Another way of course, as we have so often advocated, is using methods that have their origin in medical research. For a specific program, say a subsidy for a more efficient boiler, you give a random subset of your customers access to the subsidy and compare the energy consumption of people who had access to the program to that of the customers who didn’t. These methods have revolutionized (in a good way), the precision and validity of program evaluations. My colleagues at the Energy Institute are at the forefront of this literature and are currently teaching me (very patiently) how you do these. I am always a bit slow to the party. These methods are not easy to implement and require close collaborations with the utilities and significant upfront planning. But that is a small price to pay for high quality estimates that allow us to make the right decision as to whether to implement programs that cost ratepayers hundreds of millions of dollars.

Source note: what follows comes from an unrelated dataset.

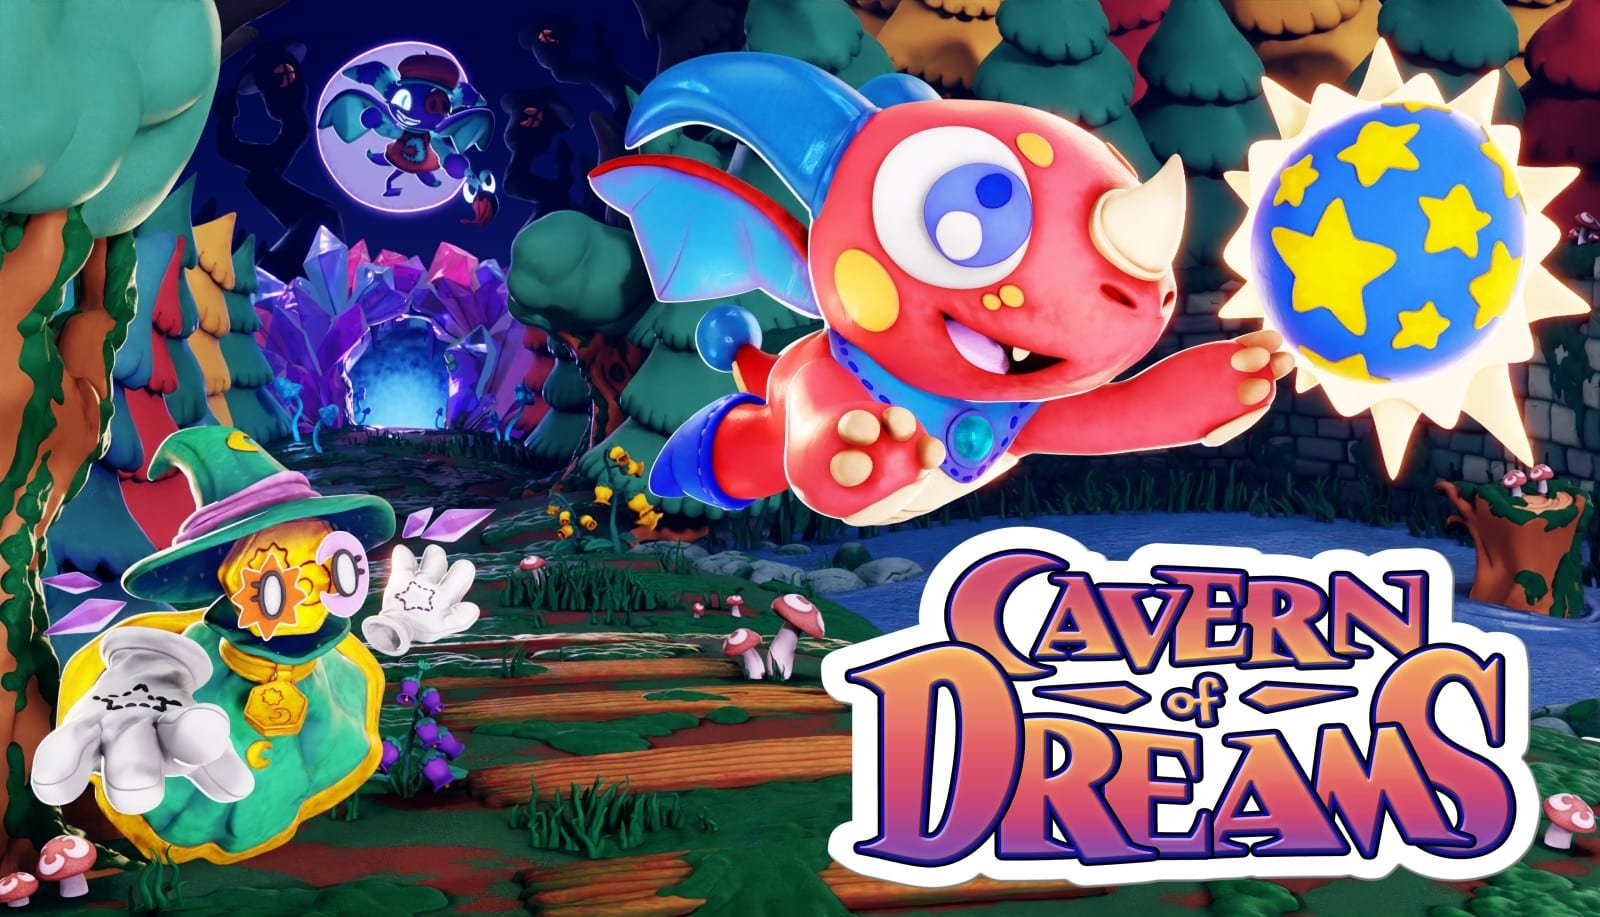 Cavern of Dreams : embarquez pour une aventure nostalgique inspirée de la N64, le jeu sort aujourd’hui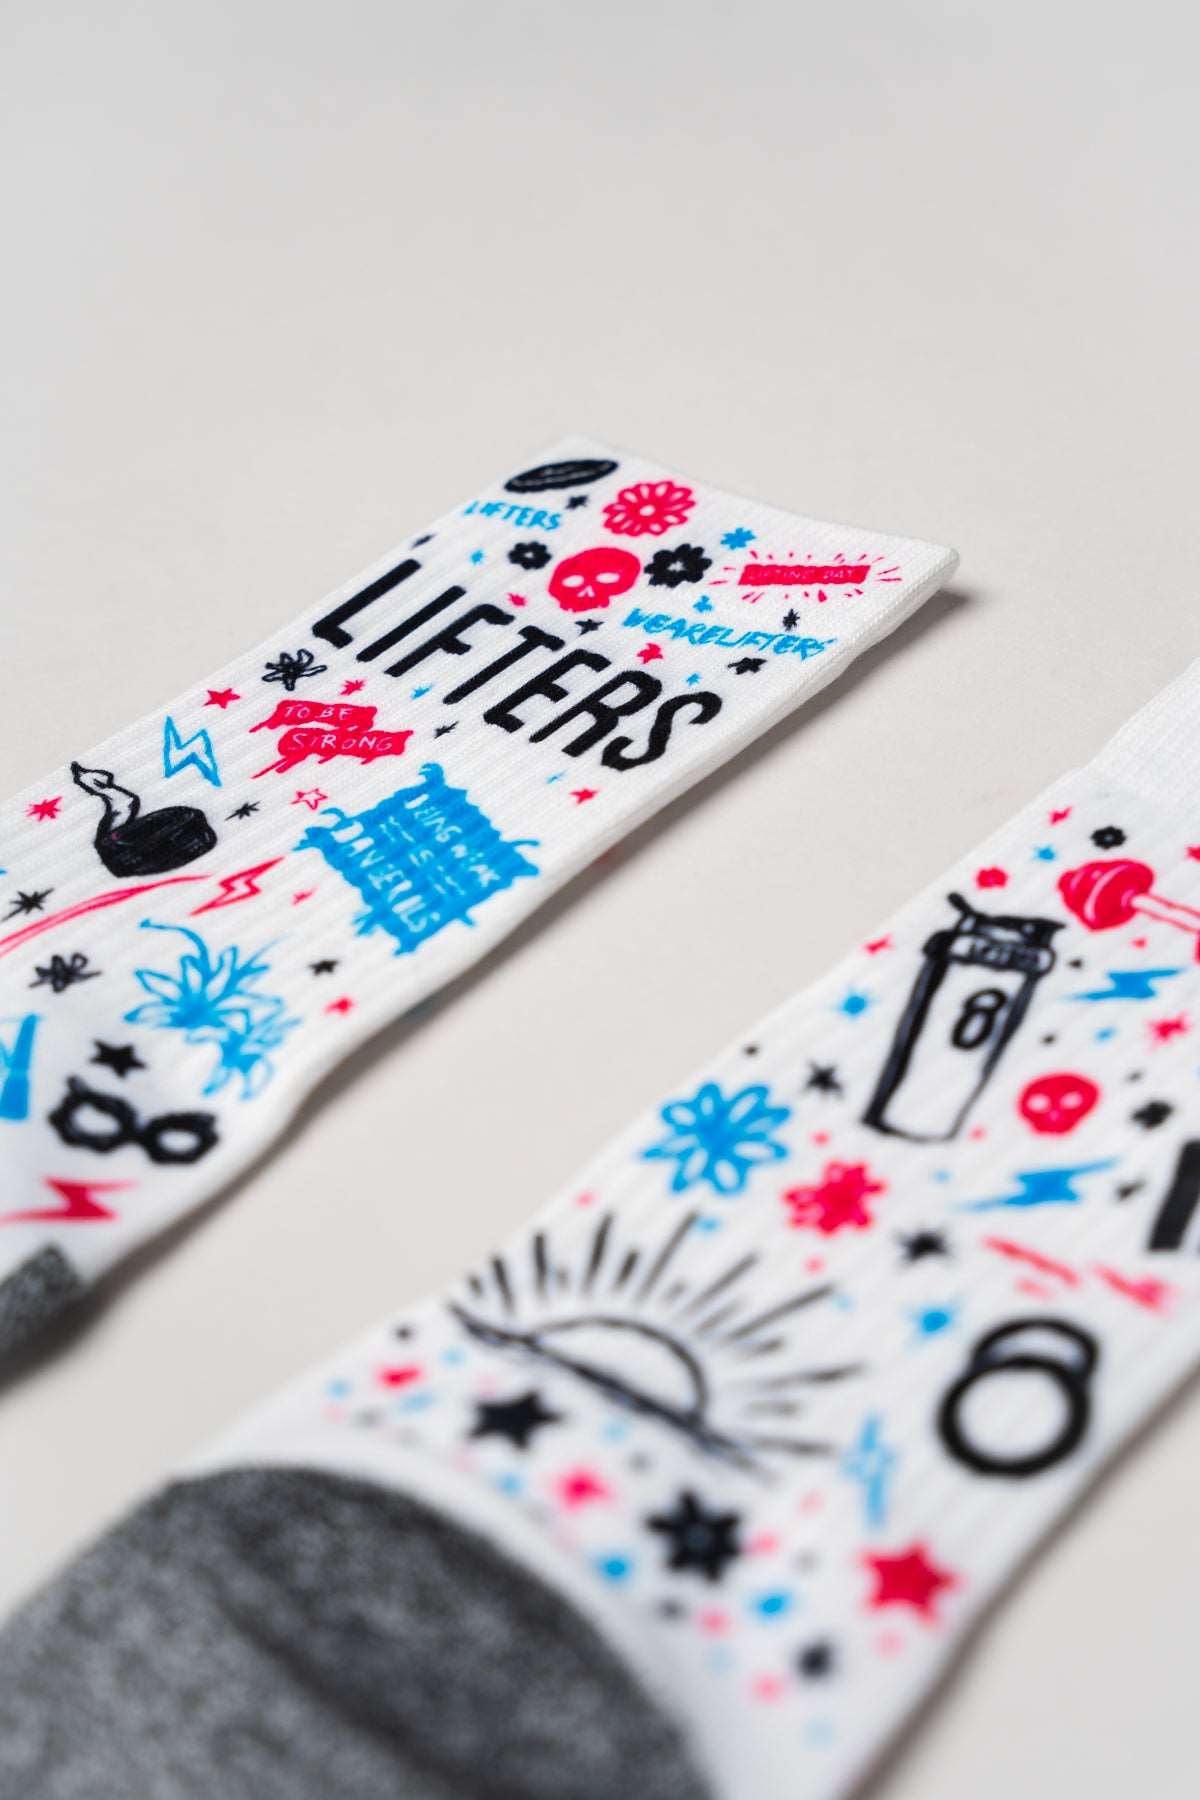 Lifters Hype Crew Socks - Lifters Wear

A third option, which has given rise to a number of evaluation exercises, is called top down measurement. The idea here is to look at average energy consumption by households in a region (say census block group) for many such regions over a long time period and use statistical models to explain what share of changes in energy consumption over time can be explained by spending on energy efficiency programs. The proponents of these methods argue that this is an inexpensive way to do evaluation, the data requirements are small, the estimates can be updated frequently, and – maybe most importantly – that these estimates include some spillover effects (if your neighbor buys a unicorn powered fridge because you did). Sounds appealing.

The big problem with the majority of these studies is that they do not worry enough about what drives differences in the spending on these programs across households. I am sure you could come up with a better laundry list, but here is mine:

  • Differences in environmental attitudes (greenness)
  • Income
  • Targeting by the utilities of specific areas
  • Energy Prices
  • Weather
  • ….

What these aggregate methods do not allow you to do is to separate the effects of my laundry list from those of the program. Or in economics speak, they are fundamentally unidentified. No matter how fancy your computer program is, you will never be able to estimate the true effect. It’s in some sense like using an X-ray machine as a lie detector. In practice you are possibly attributing the effect of weather, for example, to programs. Cold winters make me want to be more energy efficient. It’s the winter, not the rebate that made me buy a more efficient furnace. Further, the statistical estimates are just that. They provide a point estimate (best guess) with an uncertainty band around it. And that uncertainty band, as Meredith Fowlie, Carl Blumstein and I showed, can be big enough to drive a double-wide trailer through.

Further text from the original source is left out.